[Python-checkins] bpo-46407: Optimizing some modulo operations (GH-30653)
tim-one
webhook-mailer at python.org
Thu Jan 27 19:46:49 EST 2022
https://github.com/python/cpython/commit/f10dafc430279b4e6cf5b981ae3d1d76e8f431ad
commit: f10dafc430279b4e6cf5b981ae3d1d76e8f431ad
branch: main
author: Crowthebird <78076854+thatbirdguythatuknownot at users.noreply.github.com>
committer: tim-one <tim.peters at gmail.com>
date: 2022-01-27T18:46:45-06:00
summary:
bpo-46407: Optimizing some modulo operations (GH-30653)

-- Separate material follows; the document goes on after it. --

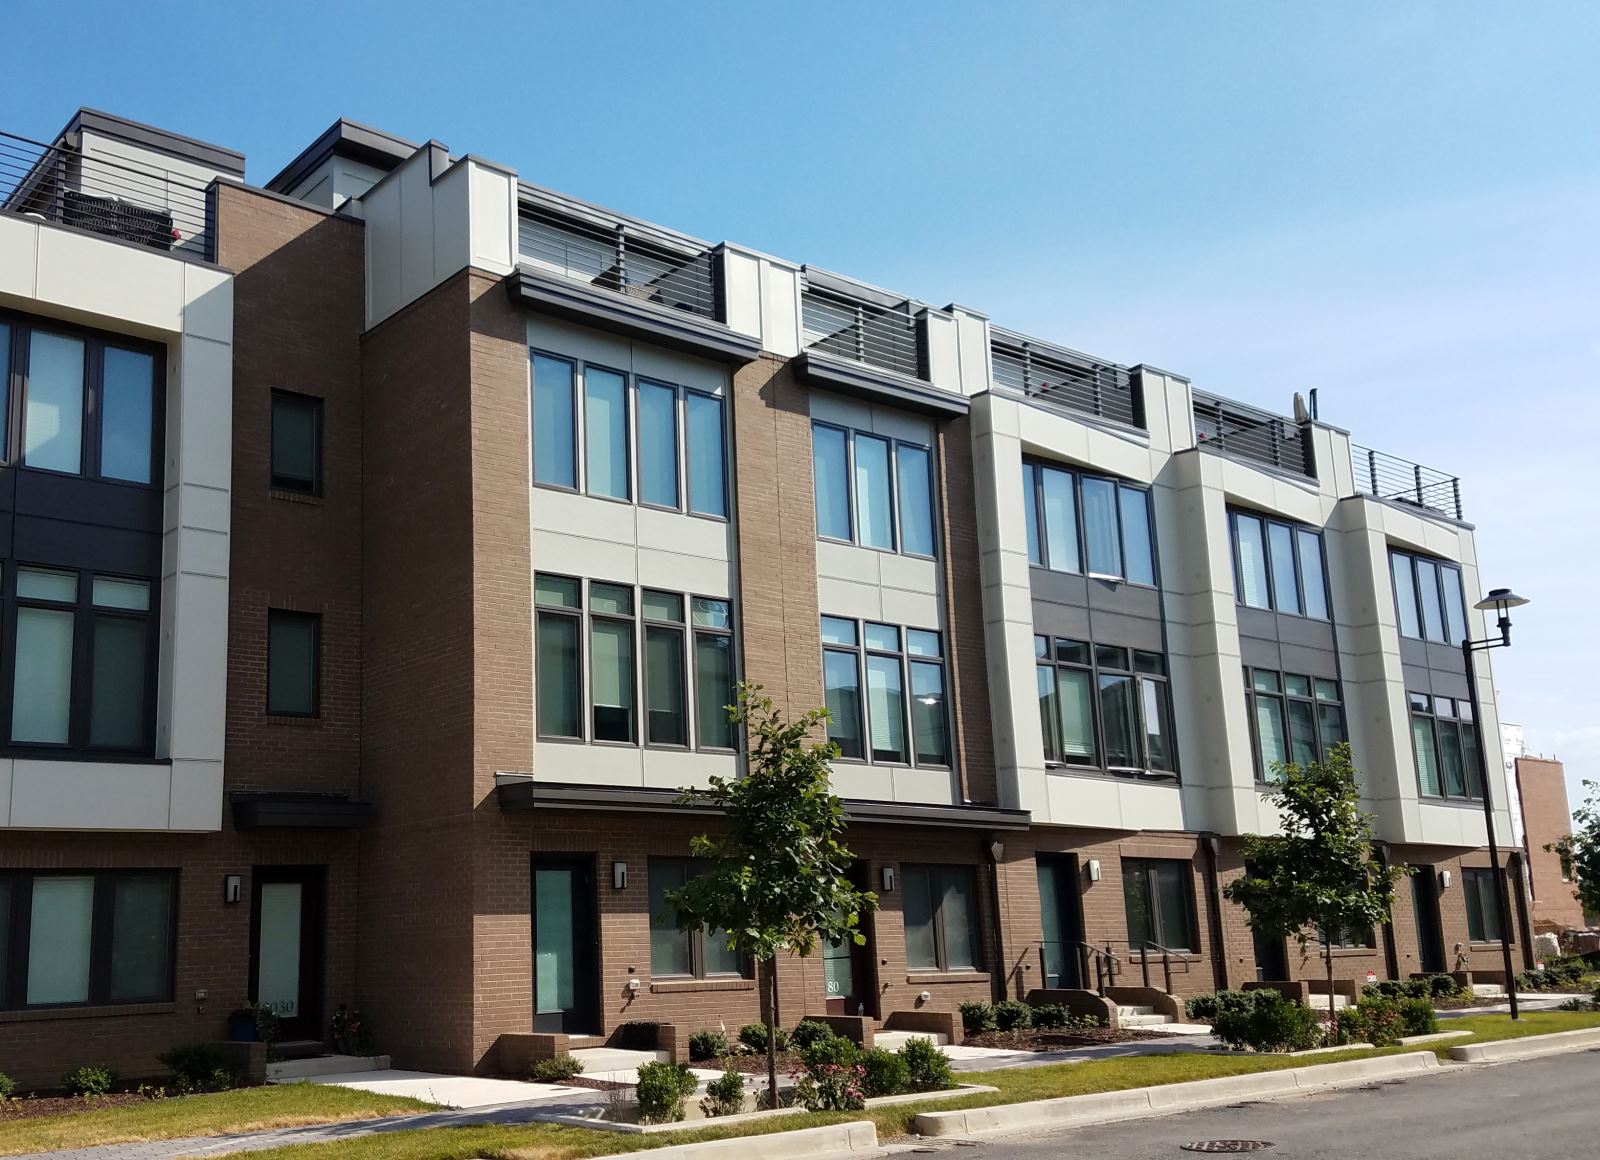 Completed Townhomes, July 2018
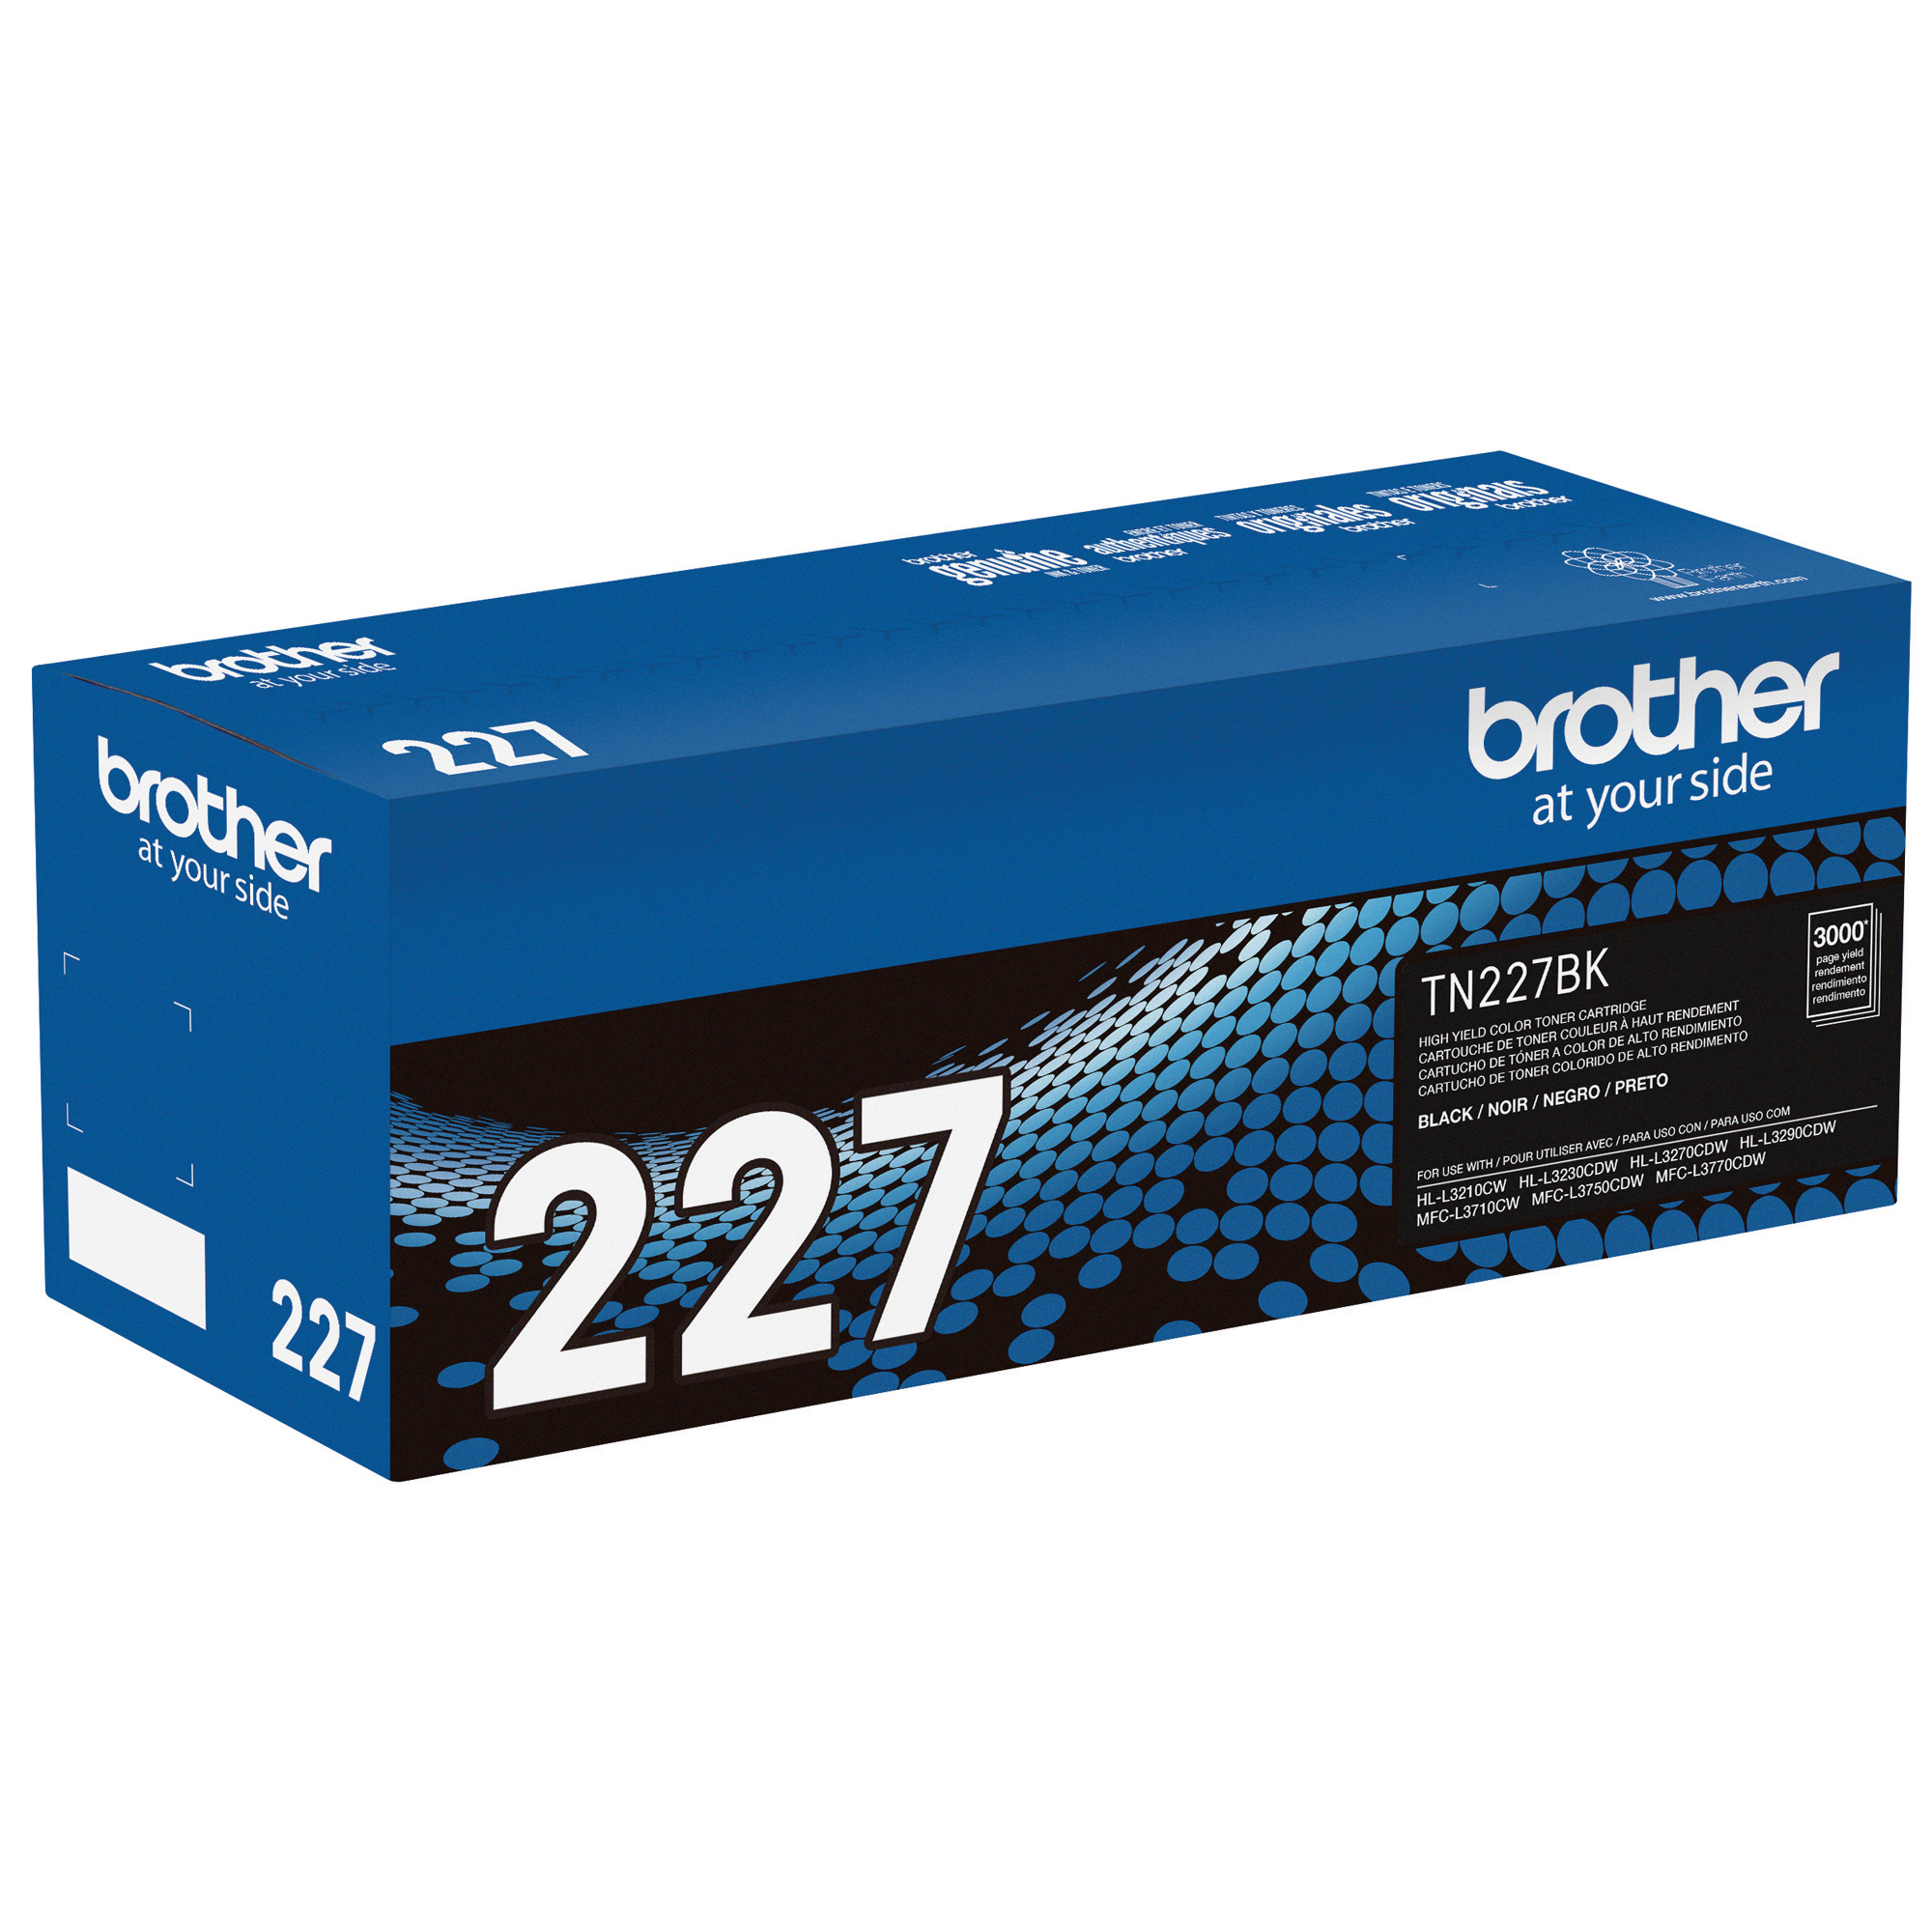 BROTHER MFC-L3710CW colour, multi-function, all in one printer,  photocopier, copier sales supplier in West Sussex, East Sussex, Kent and  Surrey

Added new internal functions to compute mod without also computing the quotient.
The loops can be leaner then, which leads to modestly but reliably faster execution in contexts that know they don't need the quotient.
Code by Jeremiah Vivian (Pascual).
files:
A Misc/NEWS.d/next/Core and Builtins/2022-01-17-23-12-01.bpo-46407.2_5a7R.rst
M Misc/ACKS
M Objects/longobject.c
diff --git a/Misc/ACKS b/Misc/ACKS
index cf023c9af927a..6df339c3e145b 100644
--- a/Misc/ACKS
+++ b/Misc/ACKS
@@ -1860,6 +1860,7 @@ Kurt Vile
Norman Vine
Pauli Virtanen
Frank Visser
+Jeremiah Vivian (Pascual)
Johannes Vogel
Michael Vogt
Radu Voicilas
diff --git a/Misc/NEWS.d/next/Core and Builtins/2022-01-17-23-12-01.bpo-46407.2_5a7R.rst b/Misc/NEWS.d/next/Core and Builtins/2022-01-17-23-12-01.bpo-46407.2_5a7R.rst
new file mode 100644
index 0000000000000..e7f555f1ffc2f
--- /dev/null
+++ b/Misc/NEWS.d/next/Core and Builtins/2022-01-17-23-12-01.bpo-46407.2_5a7R.rst
@@ -0,0 +1 @@
+Optimize some modulo operations in ``Objects/longobject.c``. Patch by Jeremiah Vivian.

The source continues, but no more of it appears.